Legal
Terms and conditionsPrivacy policy
Patient information
Information for patientsAccount deactivationMaking a complaint

Privacy Policy

Last updated 13th October 2025

1. We are committed to protecting your privacy

We (Flok Health Ltd) collect and process your personal information whenever you use the Flok Health App, web forms, and software medical device (our ‘Service’). We want you to feel confident in the service we provide – protecting your privacy and keeping your information secure are an important part of this.

At Flok, we use privacy by design to address the seven data protection principles laid out in the UK Data Protection Act 2018 (`UK GDPR`):
  • Lawfulness, fairness, and transparency
  • Purpose limitation
  • Data minimisation
  • Accuracy
  • Storage limitation
  • Integrity and confidentiality (security)
  • Accountability
This policy describes how we meet the seven data protection principles to protect your privacy and keep your information secure.

2. We only collect information about you that is strictly necessary

You provide us with your personal information when using the service and you do this via the Flok Health App.
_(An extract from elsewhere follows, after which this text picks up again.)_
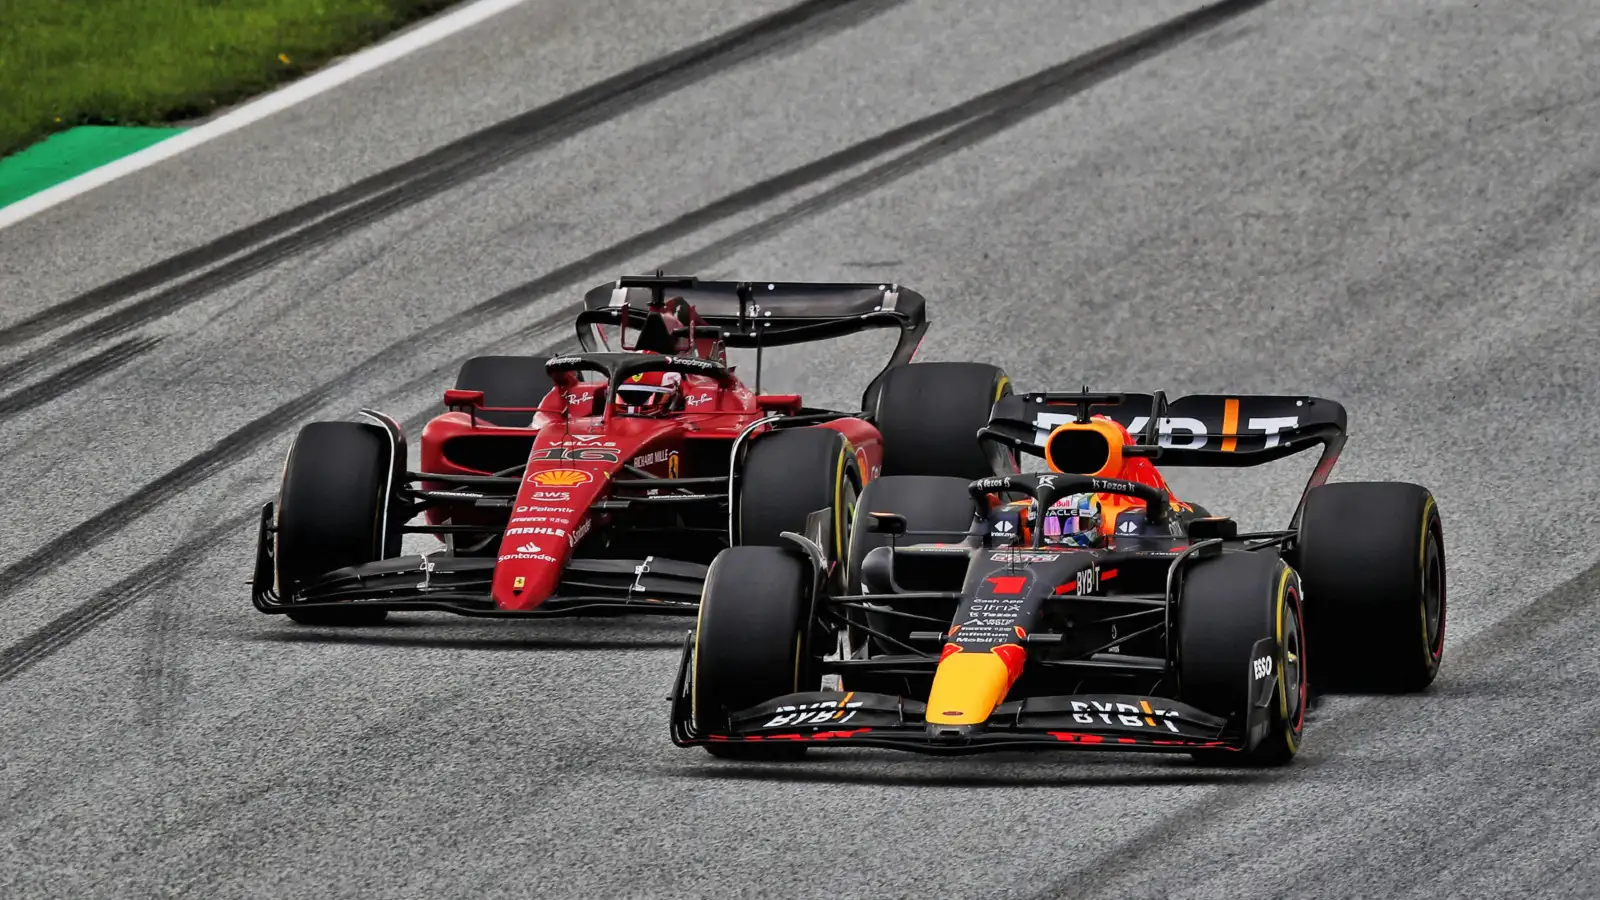 Red Bull driver Max Verstappen tries to fend off Ferrari driver Charles Leclerc at the Austrian Grand Prix. Spielberg, July 2022.

Some of this information is provided voluntarily by you, i.e., you enter your personal information in the app, and other information is collected automatically, e.g., our app logs whenever you use the service.

In addition, we use products and services provided by third party suppliers for certain functionality, including appointment bookings and reminders, customer, and technical support management, and seeking user feedback.

We process the following information relating to you when you use our service:
  • Personal identifiers.  This includes your name, address, email address, gender, mobile number, and date of birth and is essential to providing a safe service to you.
  • Occupation information. Information relating to your occupation helps us assess your risk of back pain and personalise the service we provide to you.
  • Employer. We record the name of your employer when the service we provide is on behalf of your employer. This is so that we can provide your employer with aggregate statistics on app usage and outcome metrics. We do not share personal or health information with your employer.
  • Back pain history. We use your history of back pain to ensure that we provide you with a safe and effective service. We may also use this information to personalise the service we provide to you.
  • Symptoms relevant to your back pain. We use symptoms that you report to us to ensure that we provide you with a safe and effective service. We may also use this information to personalise the service we provide to you.
  • Progress and outcomes. We track your progress through the back pain treatment programme provided as part of our service, and record outcomes data at completion of the programme. This is to ensure that the services we provide are safe and effective and that each appointment is appropriate for you.
  • Bookings and appointments. We store information on your appointment bookings to manage service capacity and provide you with booking reminders.
  • Mobile device details. We retain information on your mobile device including make, model, and IP (internet) address to monitor the availability and security of our services and ensure that we provide a good quality of service to you.
  • Usage and engagement data. We log how you use and engage with the service. This helps us learn more about your needs and improve the service we offer. Also, it enables us to provide you with technical support should things go wrong when you use the app.
  • Feedback. We may ask you to provide us with optional feedback during and after your use of the service. This helps to use to improve the service for future users.
  • Technical support. We store administrative details relating to technical support queries you raise so that we can resolve any issues that arose when using the service.
We store electronic cookie data on the device you use to access our service:
  • Authentication token. This is a secure token assigned to you each time you log in to the app and use our service. The authentication token is essential to the correct operation of our service and helps keep your information confidential and secure.
We do not use third party tracking, advertising or marketing cookies.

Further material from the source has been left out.